It’s July and I’m obviously a bike guy. I love to ride my bike and get all fired up about all things bike related but I’m no expert. I don’t really know all the technical nuances of bike riding. I’m not even 100% sure how to pronounce the name of my road bike, it’s a Specialized Allez.
But every July is an exciting time even for a novice (who likes to think he’s an expert) like me because the Tour de France offers 3 weeks where I am an expert compared to 99% of the population in the USA. I can explain to people that “peloton” is not a really good rider who is always close to winning who never seems to finish first, that’s a true story, and in my circle of friends I’m the “go-to” guy for tour knowledge.
Personally, one aspect of the race that I have always enjoyed watching is its ability to not only showcase cycling as a whole but really highlight the amount of endurance and skill required just to ride the course. The tour always represented that gold standard of cycling in many ways but none no more than the idealistic manner in which bikes own the road for these 21 days in July. It’s that dream most bike riders have, in which their favorite route is completely void of cars or the roles are reversed and every vehicle gives complete deference to the bikes. As most dreams are, it’s completely unrealistic but somehow fuels our imagination on those early morning holiday rides when the road is desolate for that one 5 minute spell and we are all alone off the front of the lead group buzzing through some tiny French village.
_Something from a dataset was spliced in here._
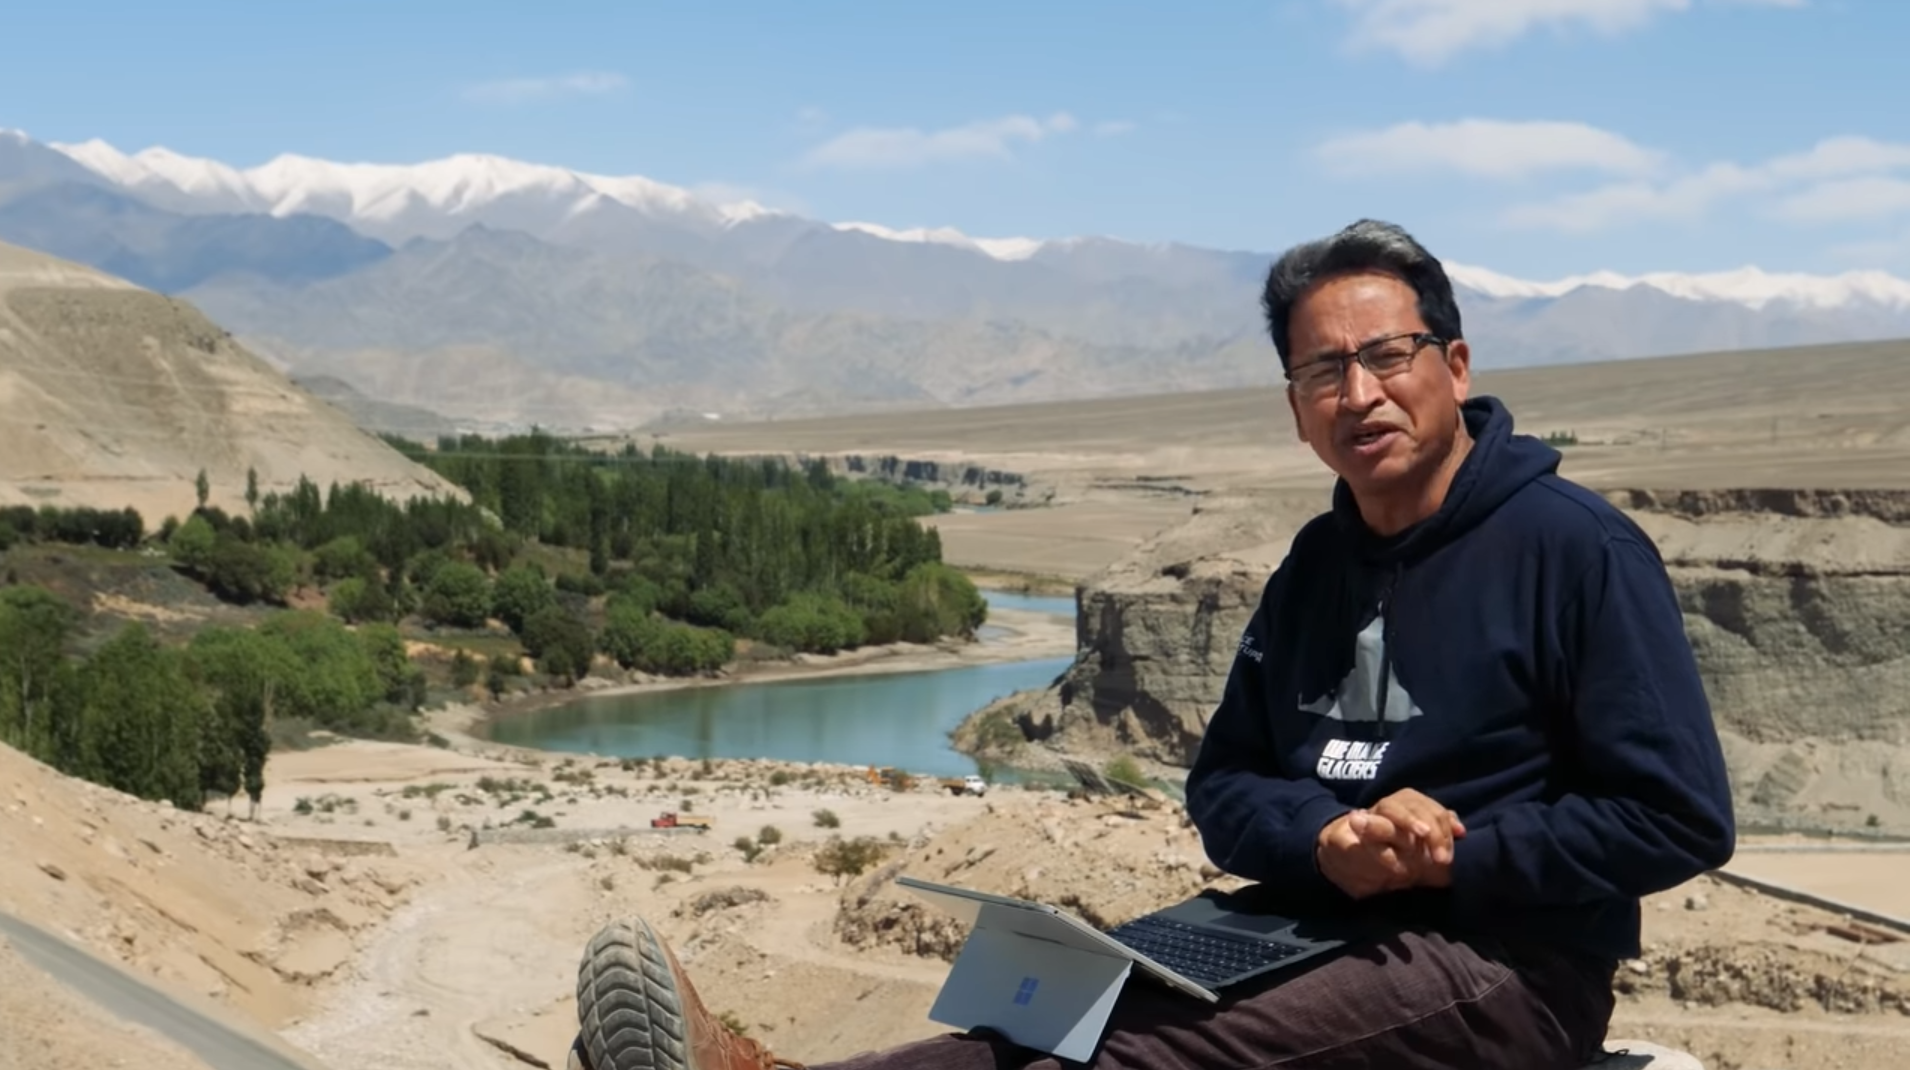 Sonam Wangchuk appeals to all Indian citizens

As every Tour de France reminds us, pro cycling is very dangerous in itself and this race is the granddaddy of the fantastic crash but this past weekend a sad element that every bike rider is far too familiar with found its way into the Tour. I’m not talking about another doping scandal or unsportsmanlike behavior, although both are present again this year, but the most dangerous element on any road. The momentary lapse of concentration and judgement by a vehicle driver.
This crash is a tragic reminder that it only takes a split second of distraction or carelessness for even a tiny European car to become a weapon on the road especially to a 170 pound rider cruising along at 30 mph.
I’m really glad that no one was seriously injured or killed because I’m one of the first sick people who “ohh” and “ahhh” at the intense crashes and pile ups.